Bahkan aplikasi berbasis deepfake kini tersedia secara luas di toko aplikasi, membuat publik semakin rentan.
Tidak hanya itu, Ia juga menyoroti pentingnya simulasi dan latihan penanganan insiden siber.
“Banyak rencana hanya di atas kertas. Ketika insiden terjadi, malah bingung sendiri karena tidak pernah dilatih,” ujarnya.
Lebih lanjut, Ardi menekankan bahwa ruang digital yang disebutnya sebagai 'mayantara' ibarat hutan belantara yang penuh predator tak dikenal.
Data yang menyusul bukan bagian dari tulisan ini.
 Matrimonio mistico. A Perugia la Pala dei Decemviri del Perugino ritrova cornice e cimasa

Oleh sebab itu, pengguna perlu memiliki helicopter view atau pemahaman menyeluruh terhadap ekosistem digital yang mereka masuki.
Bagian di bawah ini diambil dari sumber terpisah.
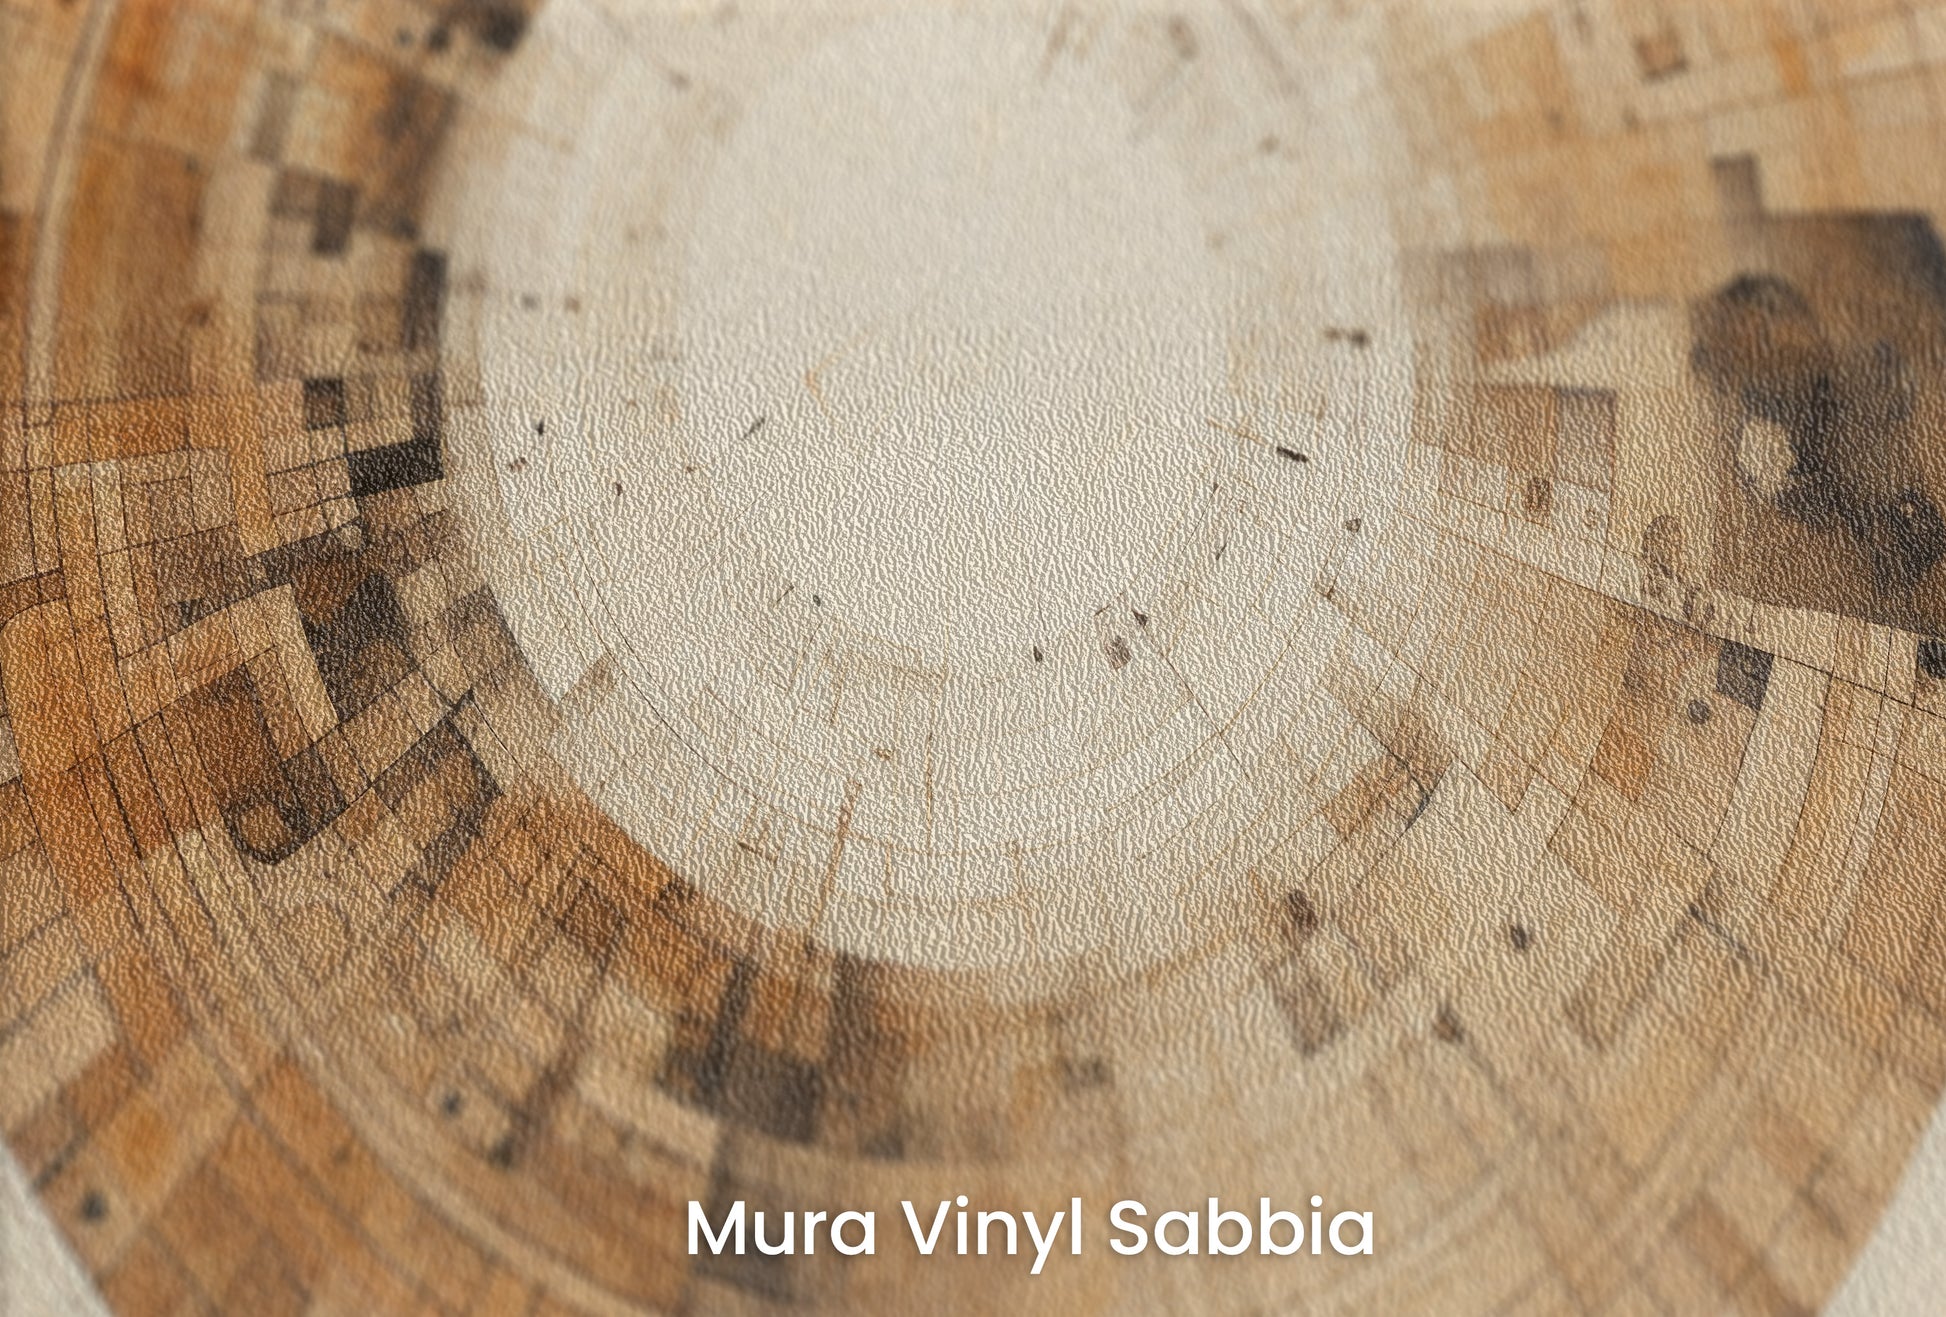 Zbliżenie na artystyczną fototapetę o nazwie INDUSTRIAL REVOLUTION CIRCULARITY na podłożu Mura Vinyl Sabbia struktura grubego ziarna piasku.

Ia menyebut, semua teknologi punya kerentanan, dari IoT sampai mobil listrik.
Oleh karena itu, ia menekankan pentingnya untuk sadar dan terus belajar membangun sistem pertahanan siber berbasis edukasi dan kesiapsiagaan.
Ardi juga mengajak masyarakat dan institusi untuk tidak hanya memanfaatkan teknologi tanpa memahami bagaimana sistem tersebut bekerja.
Ia menilai bahwa banyak kejahatan siber terjadi karena kelengahan pengguna yang tidak menyadari bahwa teknologi yang mereka gunakan membawa risiko tinggi.
“Teknologi berubah dalam hitungan detik. Kejahatan juga ikut bertransformasi. Yang tidak berubah hanyalah niat jahat manusia. Maka kita harus lebih siap dari sekarang,” pungkasnya.
Terpisah, Kementerian Komunikasi dan Digital (Komdigi) melalui Direktorat Pengawasan Sertifikasi dan Transaksi Elektronik menekankan pentingnya mitigasi dan sistem cadangan (backup) dalam menghadapi ancaman kejahatan siber.
"Mitigasi dan backup bukan lagi pilihan, tetapi keharusan dalam rangka menghadapi ancaman kejahatan siber yang semakin kompleks dan canggih," kata Direktur Pengawasan Sertifikasi dan Transaksi Elektronik Teguh Arifiyadi dalam sebuah forum tentang keamanan digital di Jakarta.
Teguh menyampaikan bahwa hampir setiap orang di Indonesia pernah mengalami atau setidaknya menjadi target upaya penipuan digital, mulai dari SMS palsu hingga serangan rekayasa sosial (social engineering).
Menurut dia, lebih dari 90 persen serangan siber bersumber dari manipulasi sosial, yang mengecoh pengguna melalui teknik penyamaran identitas digital.
"Teknologi deepfake dan rekayasa AI kini bisa mengelabui sistem verifikasi paling dasar. Bahkan video call bisa dilakukan oleh pihak yang menyamar menyerupai pejabat tinggi. Jika tidak diantisipasi, dampaknya bisa sampai ke level negara," ujar Teguh.
Dalam konteks transaksi digital, Komdigi mencatat bahwa pada 2024 terdapat lebih dari 250 juta dokumen digital yang ditandatangani secara elektronik.